Elegant C: security

Wednesday, July 15, 2015

PhD Defense Yacin Nadji - Understanding DNS-based Criminal Infrastructure for Informing Takedowns

Yacin Nadji, a PhD candidate in security at Georgia Tech, successfully defended his dissertation work today.

How does one disable a botnet? It is difficult to identify and repair individually infected machines. Therefore, targeting the command and control servers can instead break the linkage between the infected machines and the malicious controller.

Manual identification is time-consuming and can lead to collateral damage. Automation is required to enumerate the machines, evaluate the threat, identify the takedown mechanism, and determine the potential collateral damage by the takedown. Using a dataset of DNS registrations over time, the tools were tested across this sample of the Internet over time (from Damballa).

APT (Advance persistent threats) are particularly troublesome as they are machines that persist and change their presence overtime according to the botnet controller. The C&C machines also attempt to go dark by changing their IP resolution to localhost (127.0.0.1), thereby minimizing their observed signature by only having network traffic when an attack is required. This leads to a suite of detection features that can lead to identifying the actual C&C machines, such as having short-lived IP addresses, changing the domain name to NULL or localhost, and varying the IP address across a diverse set of infrastructure and geographic locations.

Then develop a machine learning algorithm, initially with a ground truth of 50k records of APTs. The features are scored and then run through different models using the 90/10 on the ground truth dataset. The following results are only approximate, as I was trying to copy them during the presentation.

Model	Accuracy	True Positive Rate	False Positive Rate
Naive Bayes	70	91	40
General Linear Regression	98	93	1
Random Forest	99	97	0.04

Then apply to the full dataset of 300 million records. These are clustered to 1.1 million clusters, of which ~700 are above 0.8 confidence of being APTs. At 90% confidence, the clusters all contain less than 1000 domain names.

How then do botnets attempt to evade detection? The infected machines generally use DNS to lookup their C&C machines; however, the lookup can be occasionally spurious or to legitimate IPs. The machines could be peer to peer, but this requires active connections that are often blocked or restricted by networks (against "legitimate" uses such as bittorrent).

The suite of tools also operates on the malware running in VMs, whereby it works through possible takedown mechanisms and then observes the response of the infection to takedown thereby identifying other, possibly unused, communication approaches. For most infections, this takes on the order of hours to enumerate through the approaches; however, some can take days.

Open Problems:

Attributing the botnet to physical entities
Targeting P2P-based botnets

Thursday, April 3, 2014

The Information Technology Implications of the President's Intelligence Review Panel

Peter Swire gave a Thomas E. Noonan Distinguished Lecture, titled “The Information Technology Implications of the President's Intelligence Review Panel". An interesting talk based on his time last fall on the President's 5-person committee charged with reviewing the practices of the intelligence community, partially in response to Snowden's leaks. Many recommendations were made in their 300 page report, including the often cited statement "Section 215 is 'not essential'."
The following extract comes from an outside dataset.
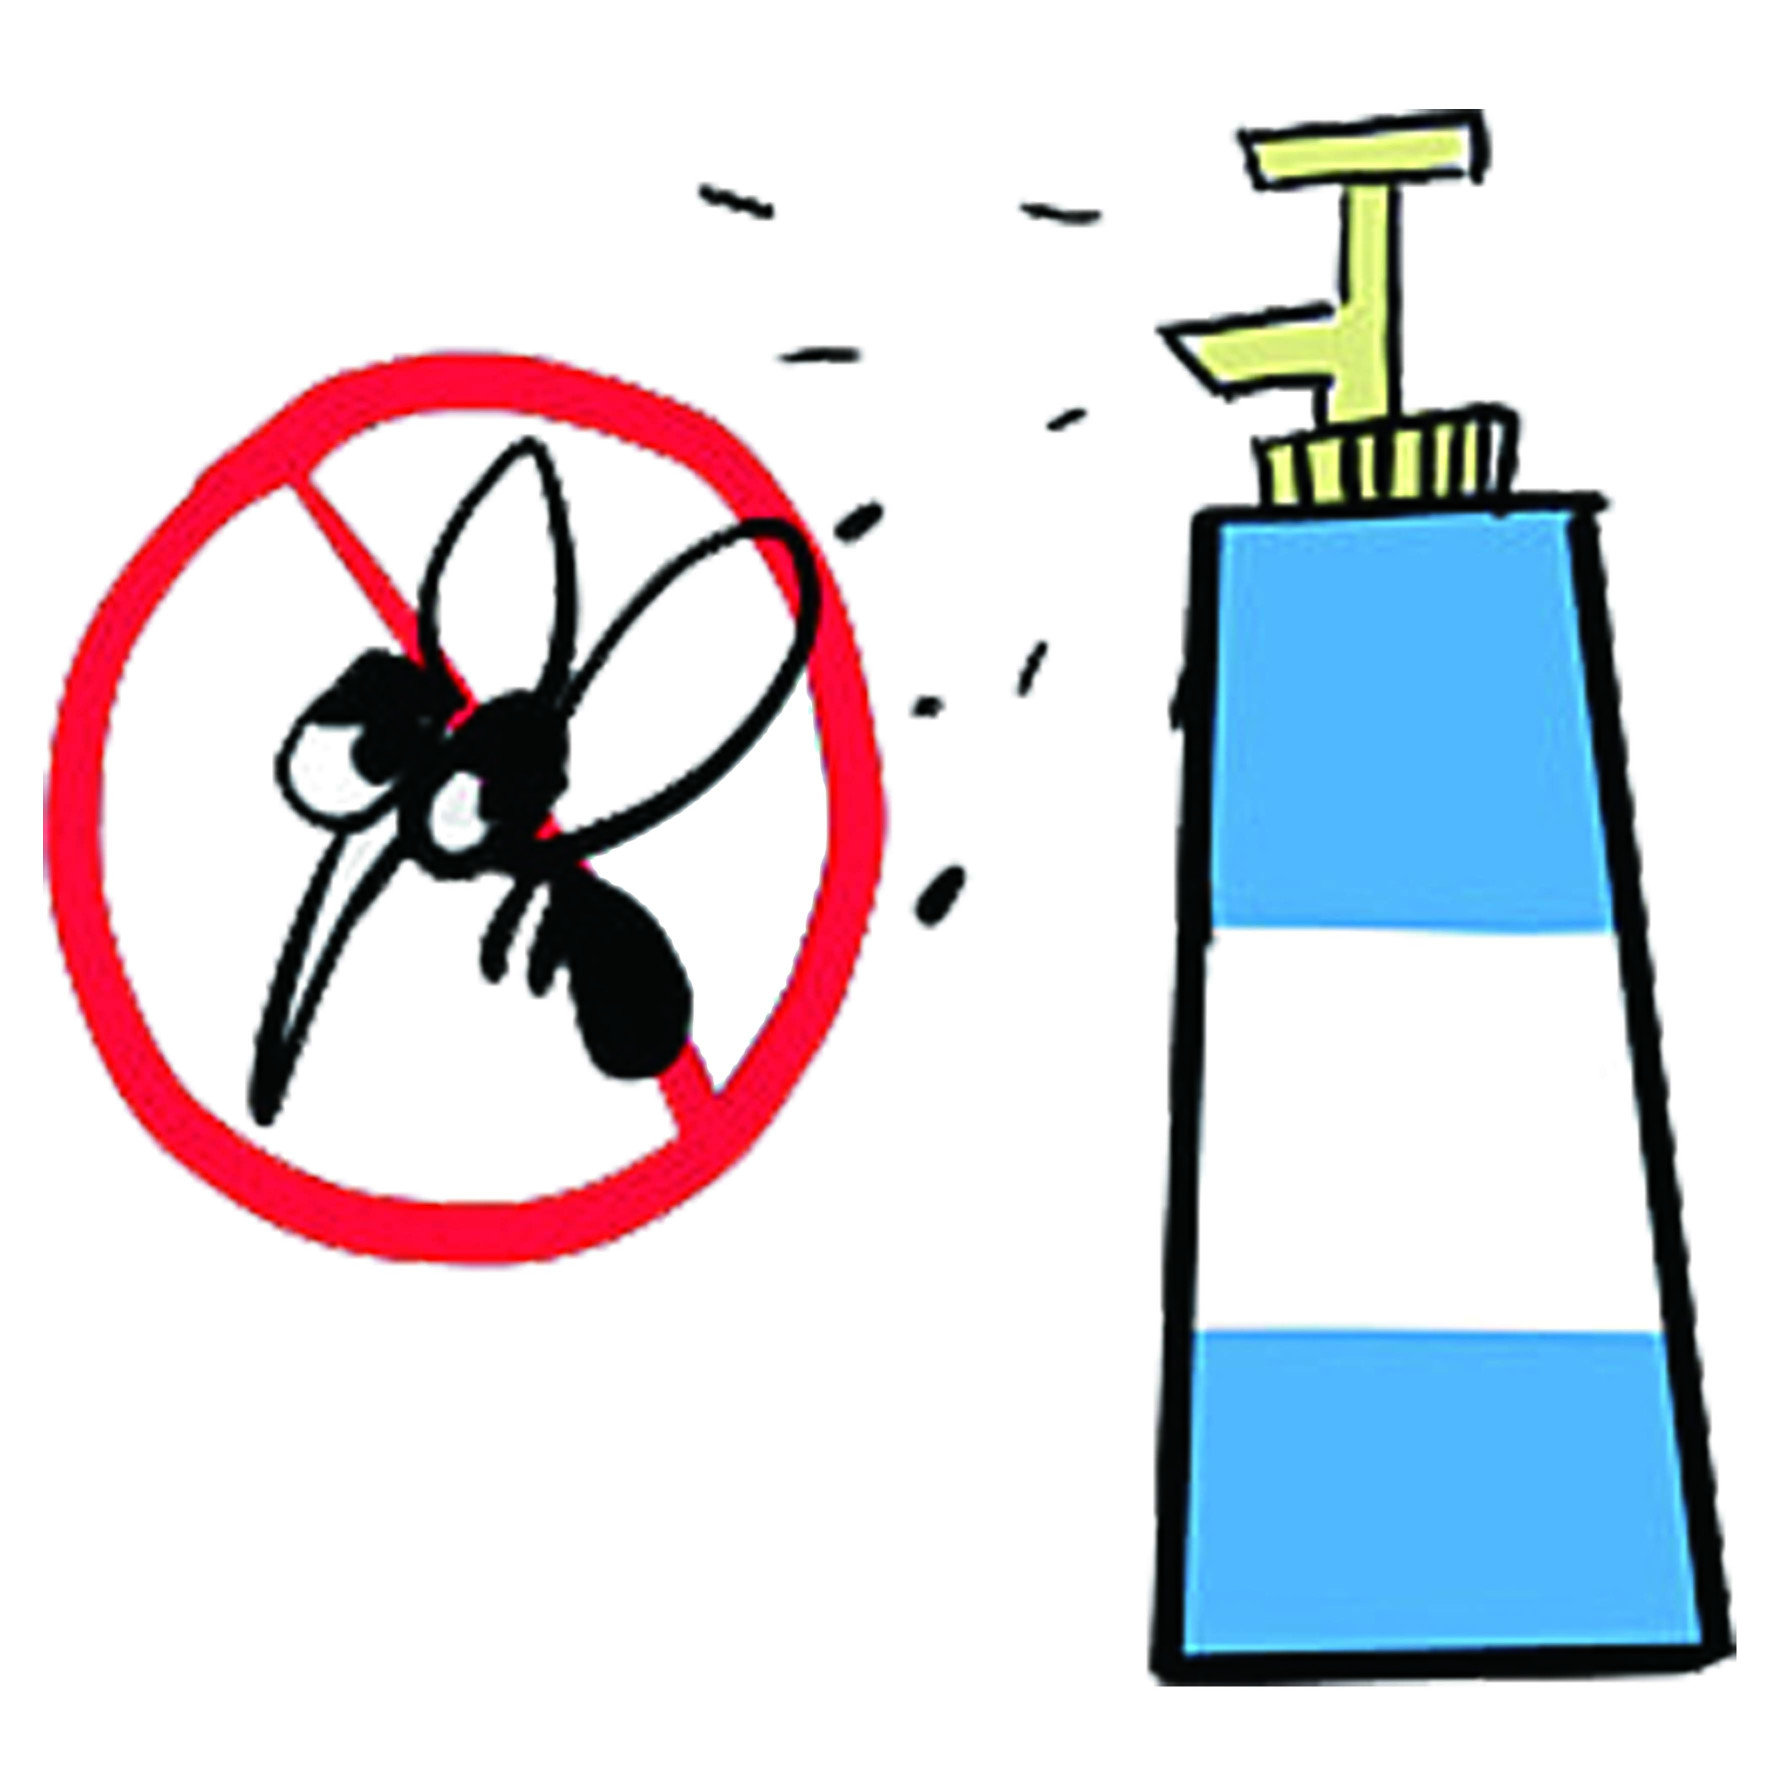 一般來說,果蠅多半繞著生鮮蔬菜水果盤旋,但更多時候有些我們不太注意的小角落,例如沒有清洗乾淨的罐頭、尚有殘餘液體的飲料罐等等,都會成為果蠅進駐的區域。 潔肯除蟲公司

A major theme of the talk was the claim that the "half life of secrets is declining". At one time, something classified would stay that way for 25 or more years. There is now increasing probability that directly (through leaks) or indirectly (by inference in non-classified sources) a secret will be publicly disclosed. Decisions must now be made by the intelligence community in light of the fact that their actions will likely be revealed in this near future.

Furthermore, there is a offense / defense tension to the gathering of intelligence. In the past, the discovery of a vulnerability in codes (e.g., encryption), etc would result in orders to change, orders that themselves would likely be undetected by potential foes. But how do you ensure that current systems remain secure, when most (90+%) are in the private sector. And clarify the tension where by e-commerce and dissent are weighed against intelligence gathering and military support (e.g., drones), and all dominated by cat videos.

How does the United States resolve the tension of promoting a freedom agenda (use of Twitter, etc in undemocratic countries) and the need of surveillance against foreign and domestic foes? In the past, secrets and intelligence were the actions of nation-states. Often gathered on physically separate networks against the background of predominantly local communication. Now, the predominant threat is from individuals (i.e., terrorists) and operating in a backdrop of global communication.
Three final points:

Increased privacy protections for non-citizens regardless of locale (see PPD-29)
ACM/IETF Code of Ethics as relates to confidentiality and security
MLAT and the time scales of the treaty versus the internet

I take no stance beyond saying that I recognize that legitimate needs result in a tension and that I found the talk very interesting.